You will not be thrilled by the stretch of the Royal Canal leading to Reilly's Bridge, it is plain ugly. But afterwards the scenery becomes rural again, with the odd shaggy horse thrown in. Pass the 8th and 9th Lock plus the ever-present anglers and you will arrive at Longford Bridge. The Halfway House is nearby if you are in need of refreshment - and you might choose to take the train back to Dublin's city center from Ashtown Station.
The Navan Road Interchange
Should you wish to carry on you will now pass the 10th and 11th Lock - the last being a rather complicated lock to negotiate a steep rise. The historic Ranelagh Bridge coming up next seems to make no sense, it was simply preserved when the nearby modern Dunsink Bridge was built. But all this will not have you prepared for the spectacular Navan Road Interchange, completed in 1996. Here the huge N3 roundabout, the railway line and the Royal Canal cross the M50 orbital, alongside sewer and water conduits, in a complex weavework of concrete and steel. Trucks thunder above and below you, the railway rattles beside you ... it gets quieter after Talbot Bridge and the 12th Lock at Granard Bridge. Some converted mills, a few restaurants and a base station for narrowboats can be found. As well as Castleknock Station for another opportunity to catch the train back to Dublin.
Through the Deep Sinking and on Towards Leixlip
If you carry on you will pass through a suburban area and soon reach "The Deep Sinking". Here the Royal Canal is narrow and as much as 30 feet below the towpath, fatal for the occasional draughthorse stumbling in the old days and still potentially dangerous today.
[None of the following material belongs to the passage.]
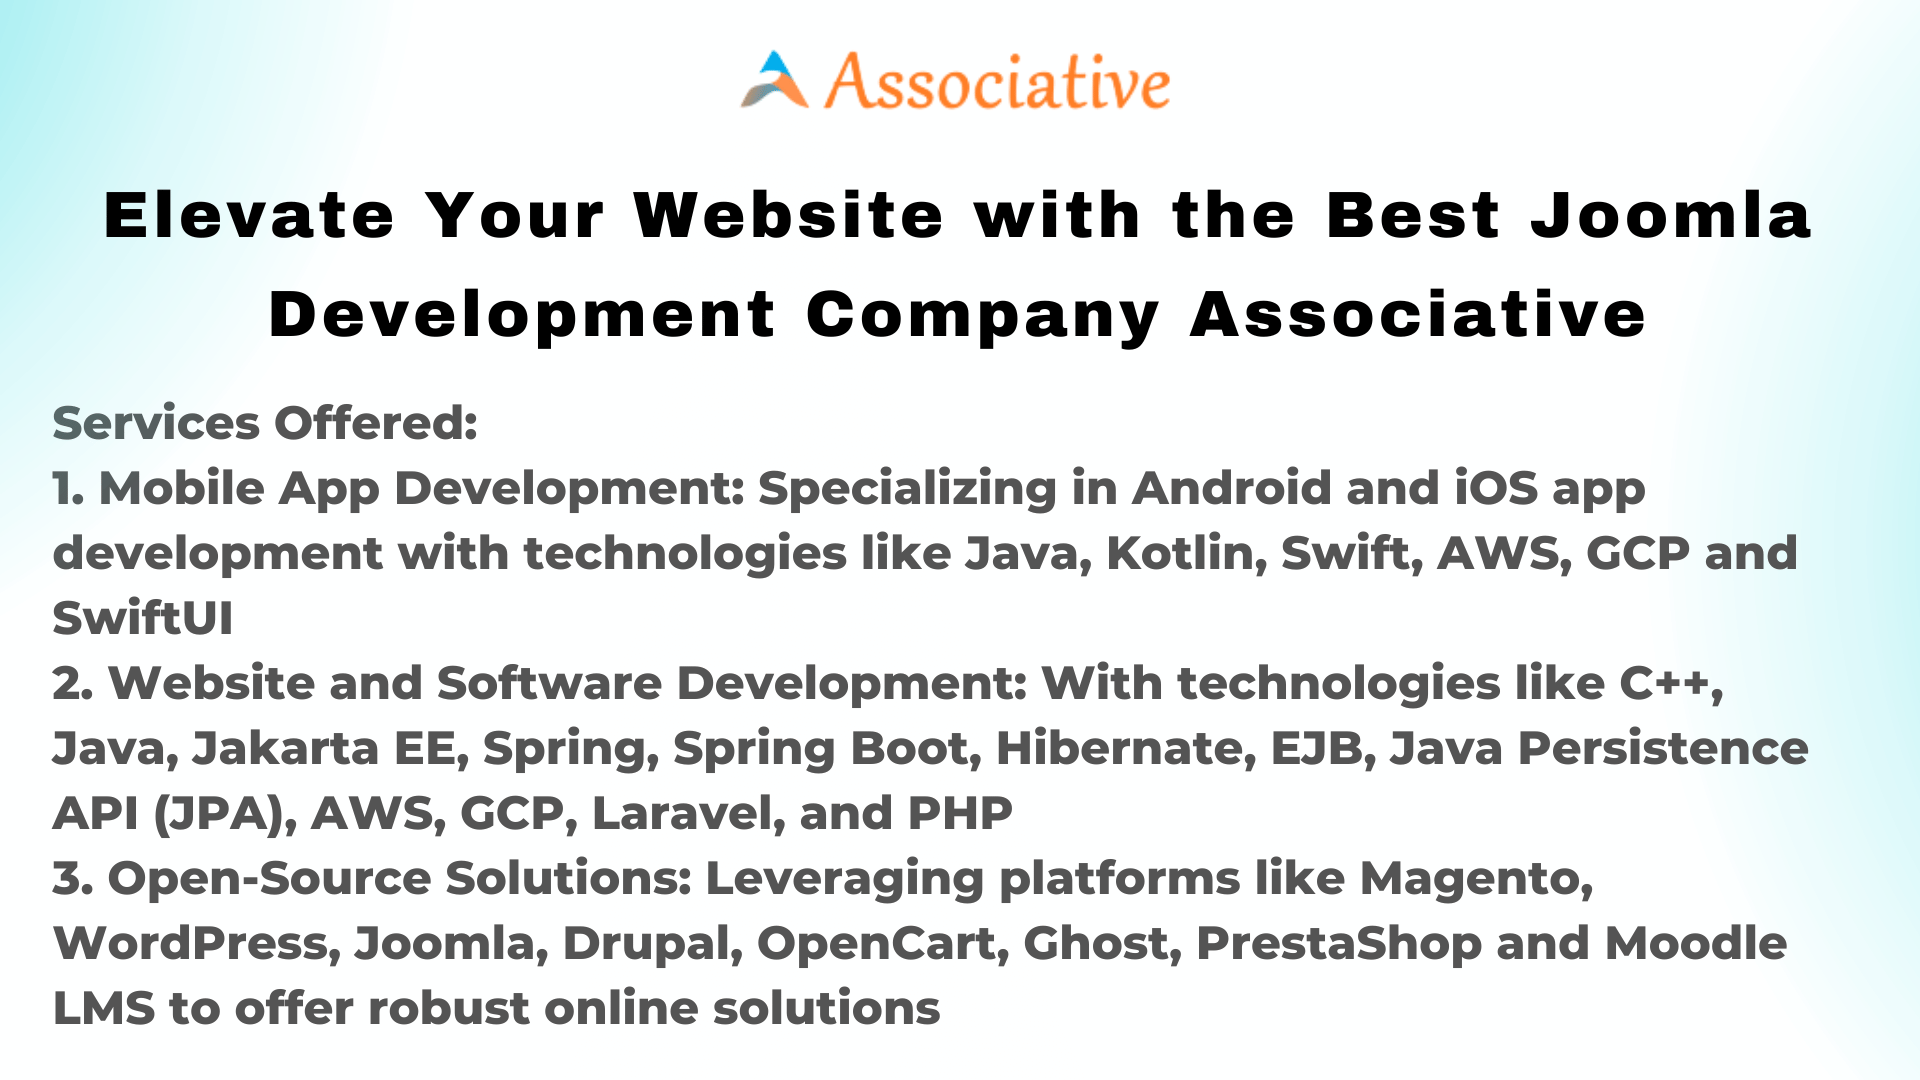 Elevate Your Website with the Best Joomla Development Company Associative

The chasm continues beyond Coolmine Station and Kirkpatrick Street. Only after Kennan Bridge will the pathway level out, become less bumpy and wider. Callaghan Bridge, Clonsilla Station and a dismantled railway bridge (which might have to be rebuilt soon to facilitate the "new" passenger line to Navan) are amongst the last urban structures, give or take a few new estates.
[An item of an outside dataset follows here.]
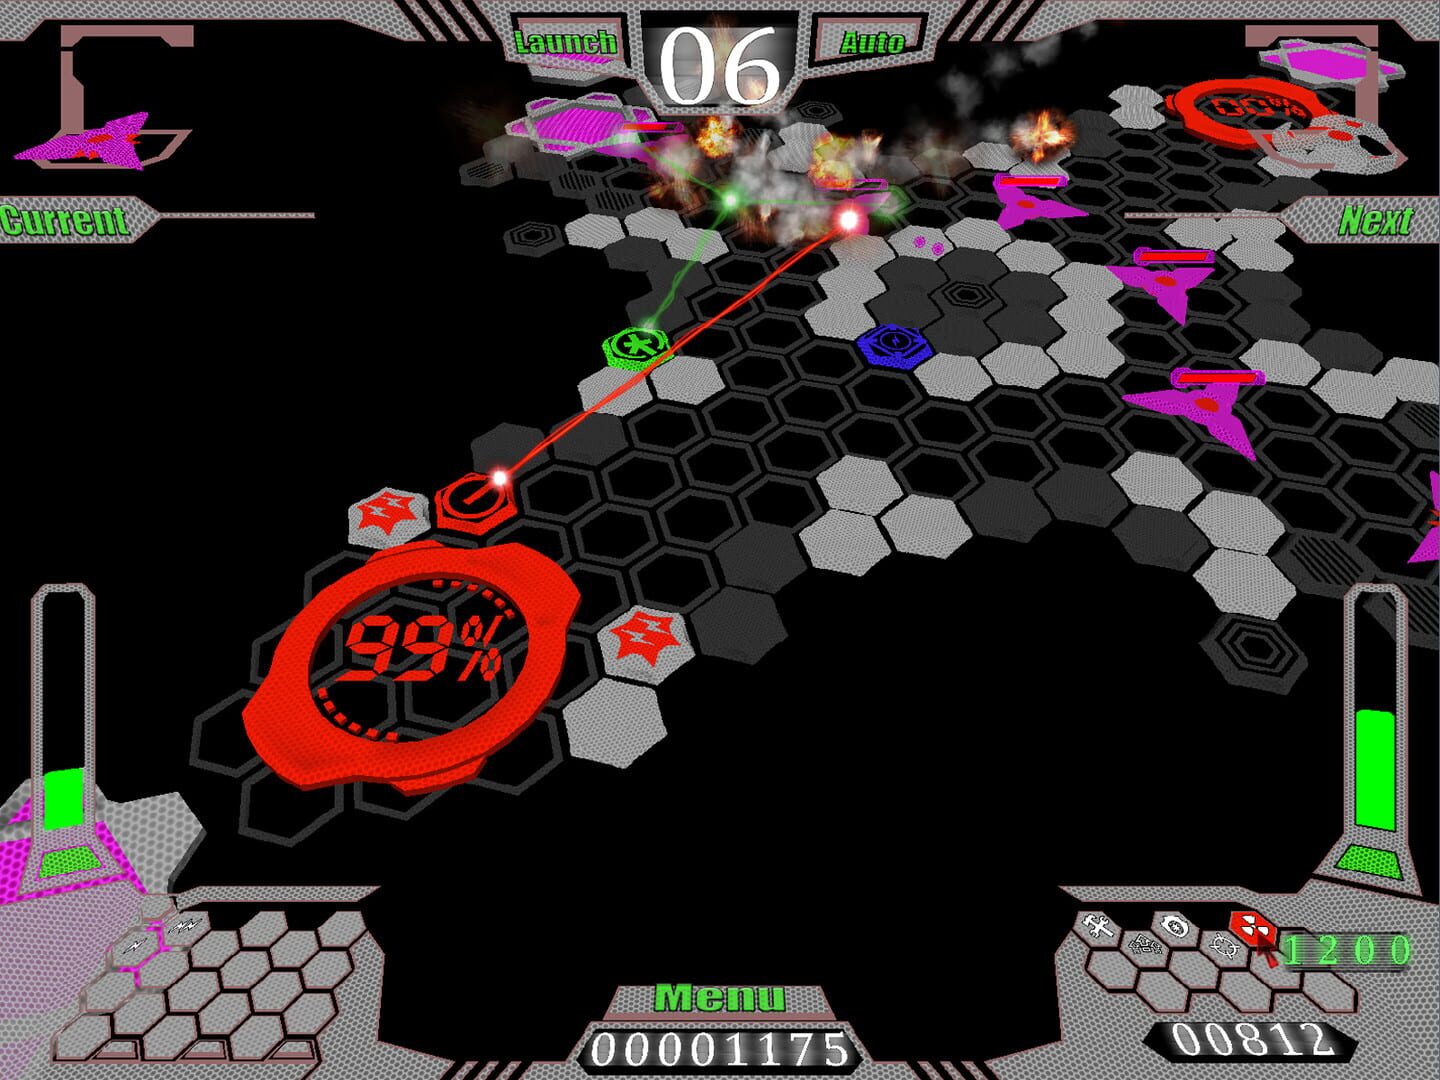 Hexagon Defense screenshot

You just carry on straight ahead, following the Royal Canal past fishing stands and the Royal Canal Amenity Group's building through rural Ireland. Soon you will cross from County Dublin into County Kildare and at Cope Bridge you should call it a day - either catch a train back from Leixlip Confey Station or walk via Captain's Hill into Leixlip for a welcome spot of food and drink. You can catch buses to Dublin's city center from here as well ...
Some Practical Hints
To maximize your enjoyment of the Royal Canal you might want to:
- Wear appropriate shoes - the urban part of the walk is tarmac or gravel, beyond Longford Bridge it may get wet, muddy and slippery;
- Walk only in daylight - the paths are rarely lighted and frequented by a dubious clientele after dark;
- Bring some food and drink - power bars and a bottle of water are a good idea, even if you plan to visit a pub on the way;
- Tell somebody where you are walking - parts of the Royal Canal are lonely and deserted, bringing a cellphone for emergency use might be a good idea too;
- Not overdo it - if you are starting at Newcomen Bridge you may not want to walk all the way to Leixlip unless you are used to long walks.